David Mansfield frequently goes against their own advice. She tells us that our pronouns must agree, but then it writes sentences like these two.

Did it hurt you to read those sentences? It hurt me to write them. But I wanted to illustrate what happens when pronouns are used improperly. The passage is much easier to read when the pronouns agree with each other and with the nouns to which they refer:

David Mansfield frequently goes against his own advice. He tells us that our pronouns must agree, but then he writes sentences like these two.

In this version, his and he agree with the antecedent David Mansfield, and our agrees with us. True, the passage does not make much sense anymore, since the pronouns are now correct. But you really shouldn't write sentences that depend on bad grammar to make sense.

Let's look again at the first sentence above and consider what it means for nouns and pronouns to agree:

David Mansfield frequently goes against his own advice.

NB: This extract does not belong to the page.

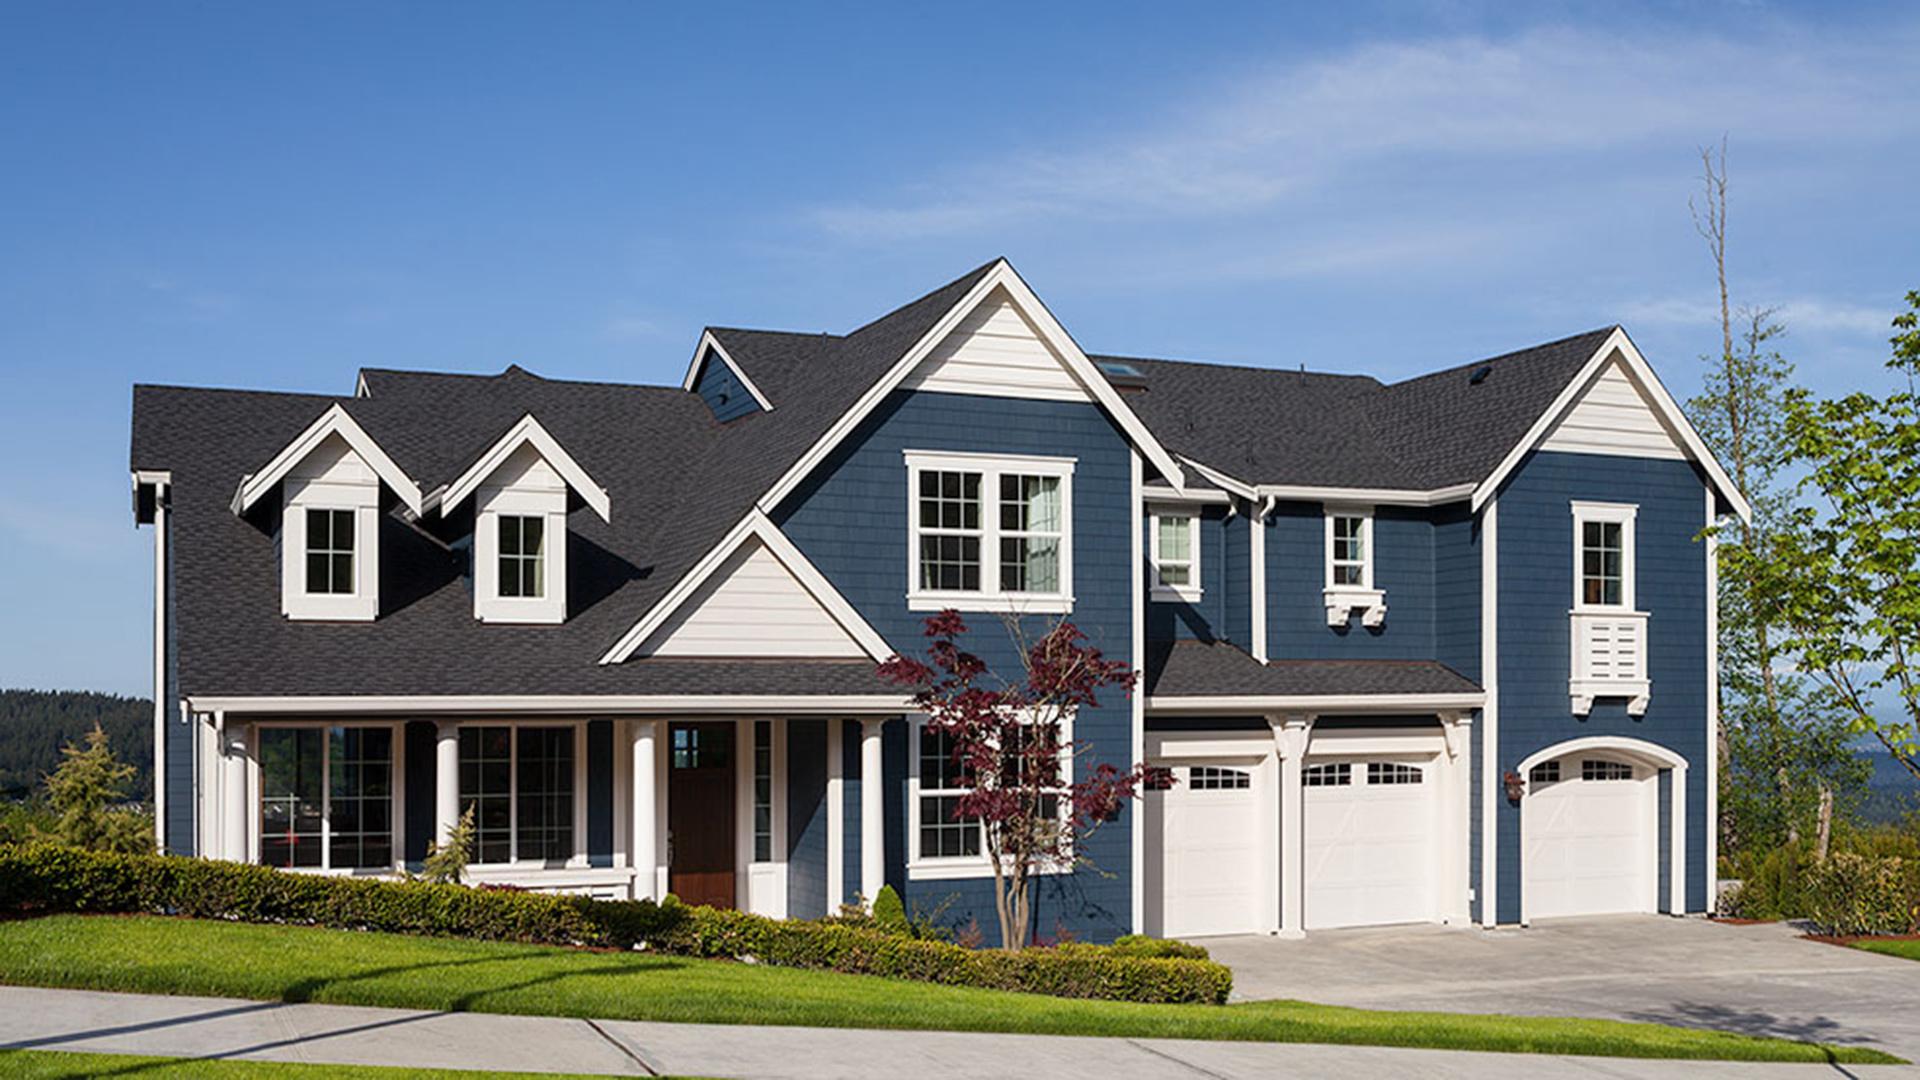 The Putvin home design has a charming

First, note that the pronoun his has three characteristics:

  • It refers not to "I" or "you," but to a third person.
  • It refers to one person, not to several people.
  • It refers to a male.

Second, note that the proper noun David Mansfield has the same characteristics. Therefore, the noun and the pronoun agree, and the sentence is fine.

You can take any noun or pronoun and characterize it in these terms:

  • person: first (I/me/we/us), second (you/your), or third (he/him/his, she/her/hers, they/their, it/its)
  • number: singular or plural
  • gender: male, female, or neutral

Now for the general rule: Whenever you use a pronoun, make sure that it has the same person, number, and gender as its antecedent.

The following sentences all follow this rule and are therefore correct:

My father brought his coat.

My mother brought her coat.

My parents brought their coats.

Normally, errors in pronoun agreement have to do with number: students may use a singular pronoun with a plural noun, or a plural pronoun with a singular noun. Sometimes, though, pronoun errors have to do with person. For example, the pronoun one is third person, but in a sentence that begins with one, it's easy to lapse into first or second person later on:

Wrong: One should always leave your forwarding address.

Right: Students should always leave their forwarding address.

As this example suggests, the best way to avoid errors with one is to avoid using it entirely. Replace it with a plural noun or pronoun.